Re: Shared index base

2008-02-26 Thread Walter Underwood
I saw a 100X slowdown running with indexes on NFS.

I don't understand going through a lot of effort with unsupported
configurations just to share an index. Local disk is cheap, the
snapshot stuff works well, and local discs avoid a single point
of failure.

The testing time to make a shared index work with each new
release of Solr is almost certainly more expensive than buying
local disc.

The single point of failure is real issue. I've seen two discs
fail on one RAID. When that happens, you've lost all of your
search for hours or days.

Finally, how do you tell Solr that the index has changed and
it needs a new Searcher? Normally, that is a commit, but you
don't want to commit from a read-only Solr.

wunder

On 2/26/08 10:17 AM, "Matthew Runo" <[EMAIL PROTECTED]> wrote:

> I hope so. I've found that every once in a while Solr 1.2 replication
> will die, from a temp-index file that seems to ham it up. Removing
> that file on all the servers fixes the issue though.
> 
> We'd like to be able to point all the servers at an NFS location for
> their index files, and use a single server to update it.
> 
> Thanks!
> 
> Matthew Runo
> Software Developer
> Zappos.com
> 702.943.7833
> 
> On Feb 26, 2008, at 9:39 AM, Alok Dhir wrote:
> 
>> Are you saying all the servers will use the same 'data' dir?  Is
>> that a supported config?
>> 
>> On Feb 26, 2008, at 12:29 PM, Matthew Runo wrote:
>> 
>>> We're about to do the same thing here, but have not tried yet. We
>>> currently run Solr with replication across several servers. So long
>>> as only one server is doing updates to the index, I think it should
>>> work fine.
>>> 
>>> 
>>> Thanks!
>>> 
>>> Matthew Runo
>>> Software Developer
>>> Zappos.com
>>> 702.943.7833
>>> 
>>> On Feb 26, 2008, at 7:51 AM, Evgeniy Strokin wrote:
>>> 
 I know there was such discussions about the subject, but I want to
 ask again if somebody could share more information.
 We are planning to have several separate servers for our search
 engine. One of them will be index/search server, and all others
 are search only.
 We want to use SAN (BTW: should we consider something else?) and
 give access to it from all servers. So all servers will use the
 same index base, without any replication, same files.
 Is this a good practice? Did somebody do the same? Any problems
 noticed? Or any suggestions, even about different configurations
 are highly appreciated.
 
 Thanks,
 Gene
>>> 
>> 
> 



RE: Shared index base

2008-02-26 Thread Charlie Jackson
How do you handle commits to the index? By that, I mean that Solr
recreates its searcher when you issue a commit, but only for the system
that does the commit. Wouldn't you be left with searchers on the other
machines that are stale? 

- Charlie


-Original Message-
From: Matthew Runo [mailto:[EMAIL PROTECTED] 
Sent: Tuesday, February 26, 2008 12:18 PM
To: solr-user@lucene.apache.org
Subject: Re: Shared index base

I hope so. I've found that every once in a while Solr 1.2 replication  
will die, from a temp-index file that seems to ham it up. Removing  
that file on all the servers fixes the issue though.

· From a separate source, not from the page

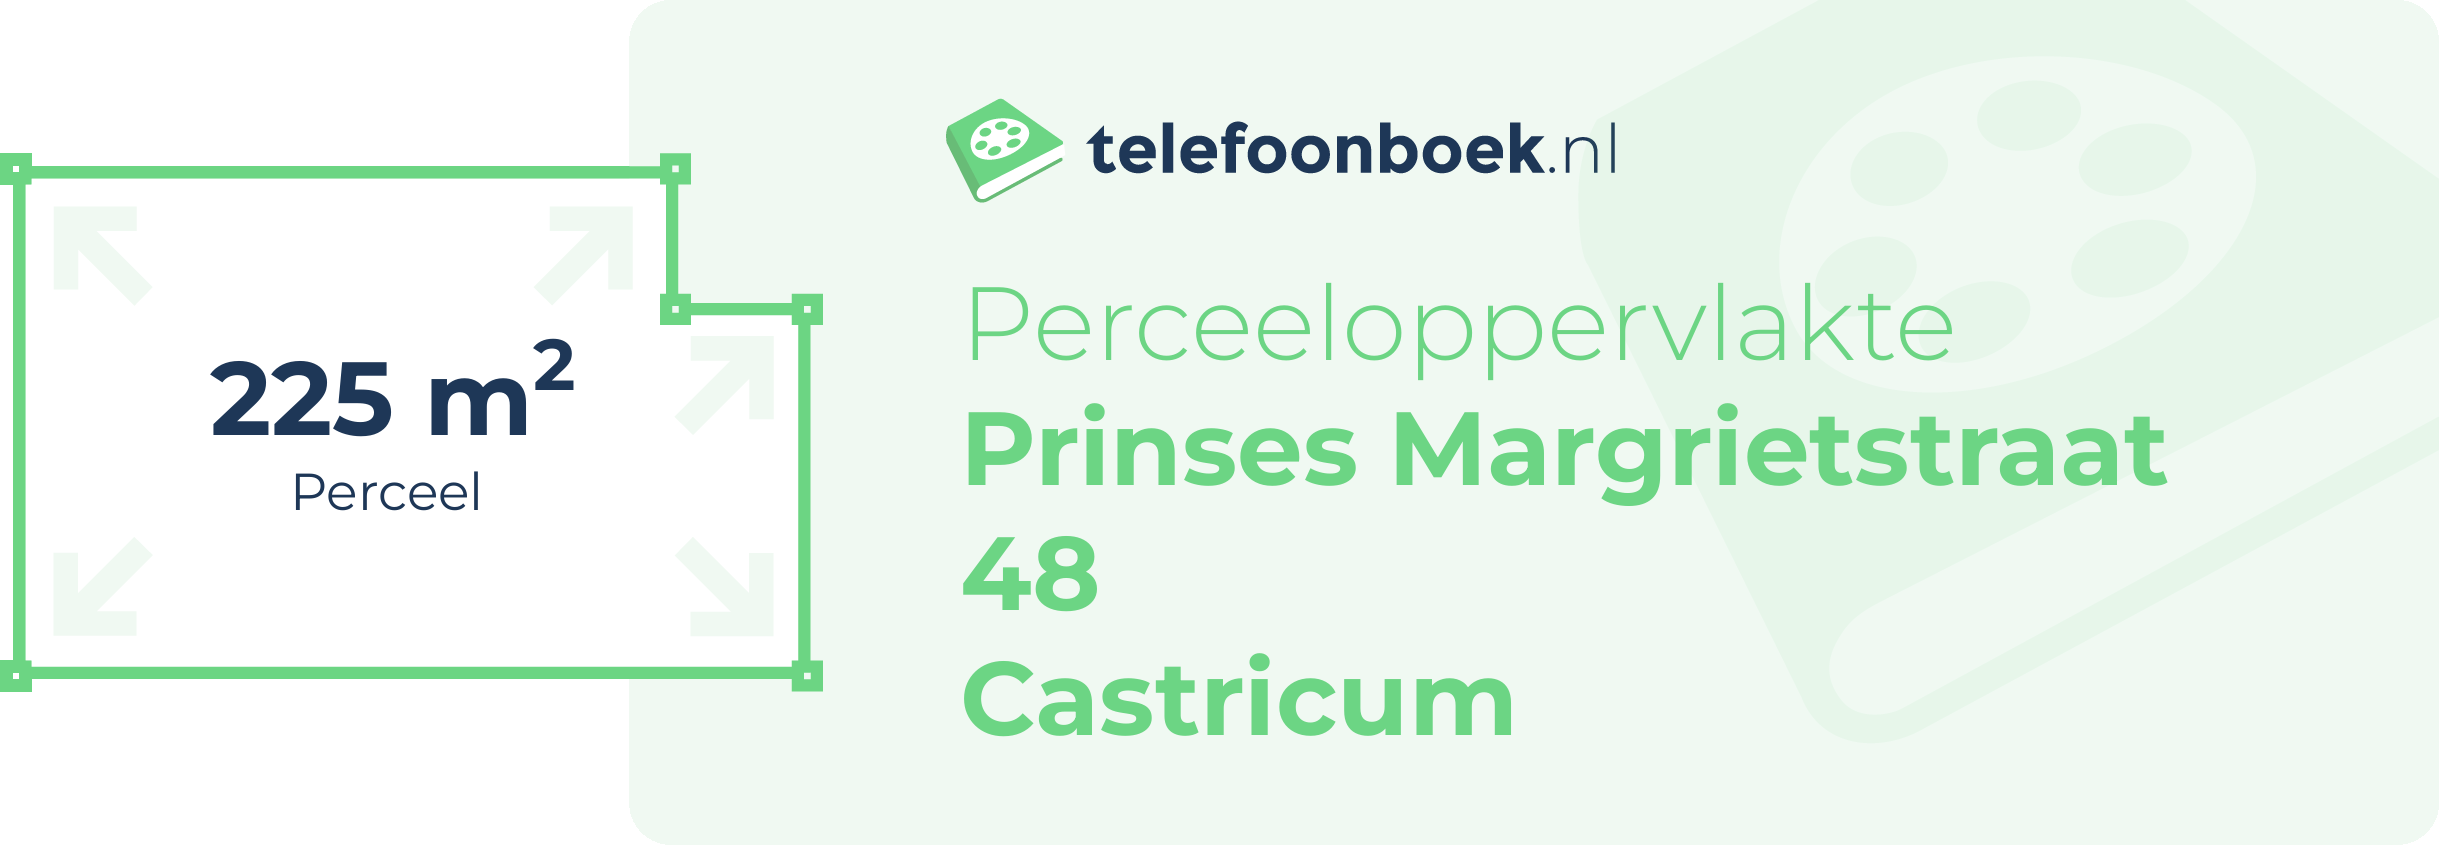 Perceeloppervlakte Prinses Margrietstraat 48 Castricum

We'd like to be able to point all the servers at an NFS location for  
their index files, and use a single server to update it.

Thanks!

Matthew Runo
Software Developer
Zappos.com
702.943.7833

On Feb 26, 2008, at 9:39 AM, Alok Dhir wrote:

> Are you saying all the servers will use the same 'data' dir?  Is  
> that a supported config?
>
> On Feb 26, 2008, at 12:29 PM, Matthew Runo wrote:
>
>> We're about to do the same thing here, but have not tried yet. We  
>> currently run Solr with replication across several servers. So long  
>> as only one server is doing updates to the index, I think it should  
>> work fine.
>>
>>
>> Thanks!
>>
>> Matthew Runo
>> Software Developer
>> Zappos.com
>> 702.943.7833
>>
>> On Feb 26, 2008, at 7:51 AM, Evgeniy Strokin wrote:
>>
>>> I know there was such discussions about the subject, but I want to  
>>> ask again if somebody could share more information.
>>> We are planning to have several separate servers for our search  
>>> engine. One of them will be index/search server, and all others  
>>> are search only.
>>> We want to use SAN (BTW: should we consider something else?) and  
>>> give access to it from all servers. So all servers will use the  
>>> same index base, without any replication, same files.
>>> Is this a good practice? Did somebody do the same? Any problems  
>>> noticed? Or any suggestions, even about different configurations  
>>> are highly appreciated.
>>>
>>> Thanks,
>>> Gene
>>
>



Re: Shared index base

2008-02-26 Thread Matthew Runo
I hope so. I've found that every once in a while Solr 1.2 replication  
will die, from a temp-index file that seems to ham it up. Removing  
that file on all the servers fixes the issue though.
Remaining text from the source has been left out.